Гунар Бинде "Психологический портрет"

© Гунар Бинде «Психологический портрет»

— Как Вы нашли свою тему в фотографии?

— Я начал снимать в 57-ом и через пять лет сделал первую фотографию. Этот исторический для меня снимок называется «Психологический портрет». Женщина здесь — не конкретная женщина, а обобщенный, собирательный образ. Она погружена в себя, за ней темное дерево, из левого угла в правый идет динамическая диагональ — уходящая лестница, возникает вибрация веток. Все элементы подчеркивают лицо женщины, вносят психологизм. Это психологизм меня и заинтересовал.
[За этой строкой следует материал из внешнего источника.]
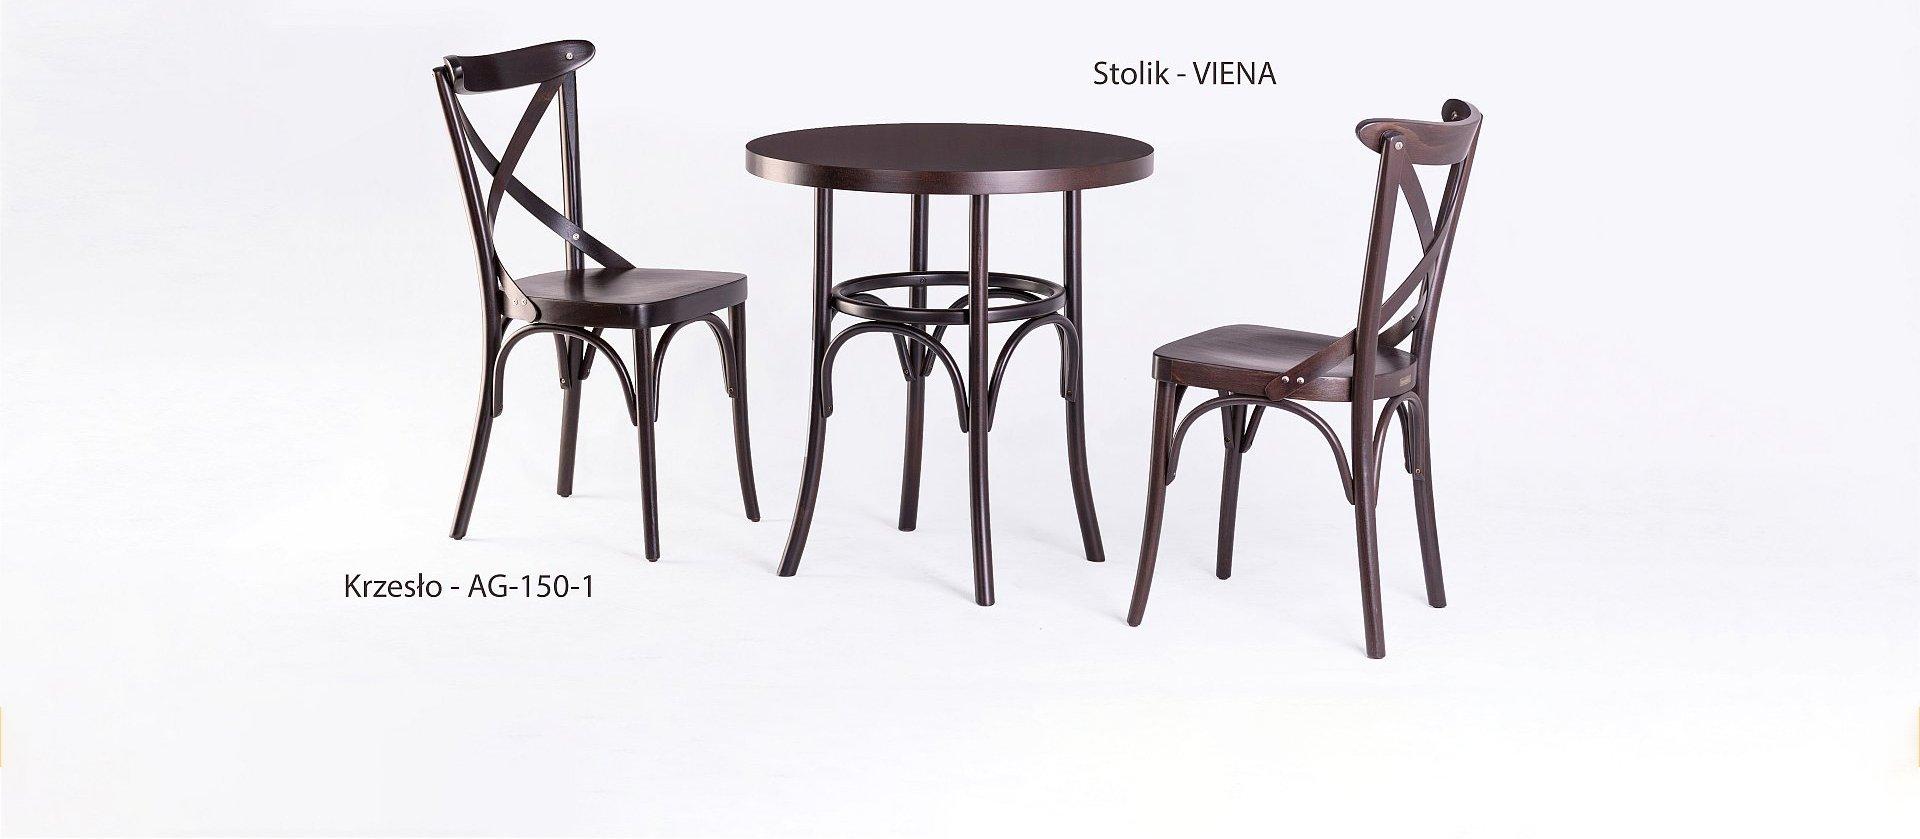 Stół VIENA i krzesła gięte AG-150-1

Позже я создавал портреты, в большинстве своем — известных людей, и строил на них свои образы. Но известность не столь важна, важнее суть. Скажем, портрет театрального режиссера Эдуарда Смильгиса. На нем изображен последний вздох старого человека, уход из жизни. Взгляд, тяга вверх, открытый рот, которому не хватает воздуха — вот, что меня интересует.

Но есть, конечно, не только образные фотографии. Есть портрет Тарковского и портрет Марселя Марсо, и многих других. Хотя они тоже частенько получались образными. Например, Марсель Марсо. Я снимал из зрительного зала, хотя фотографировать было запрещено. Передо мной все время маячила чья-то голова, и в момент съемки она закрыла одну ногу. Получился одноногий Марсель Марсо, и это уже намек на образ: произошло какое-то смещение и возникло абстрагирование. Так же как Брехт абстрагировался в своей драматургии, а потом и в театре. Вообще, с театра все и пошло. После окончания техникума я получил специальность техника-электрика, и мне удалось устроиться в театр художником по сценическому свету. Театр — это драматургия. Постановочная фотография — тоже драматургия. Поэтому я и занимаюсь постановкой: мне близко театральное действо.

Гунар Бинде "Портрет Эдуарда Смильгиса"

© Гунар Бинде «Портрет Эдуарда Смильгиса»

— Являясь режиссером-постановщиком своих историй, Вы вначале создаете образ и только потом подбираете исполнителей на роли или Вас вдохновляют модели?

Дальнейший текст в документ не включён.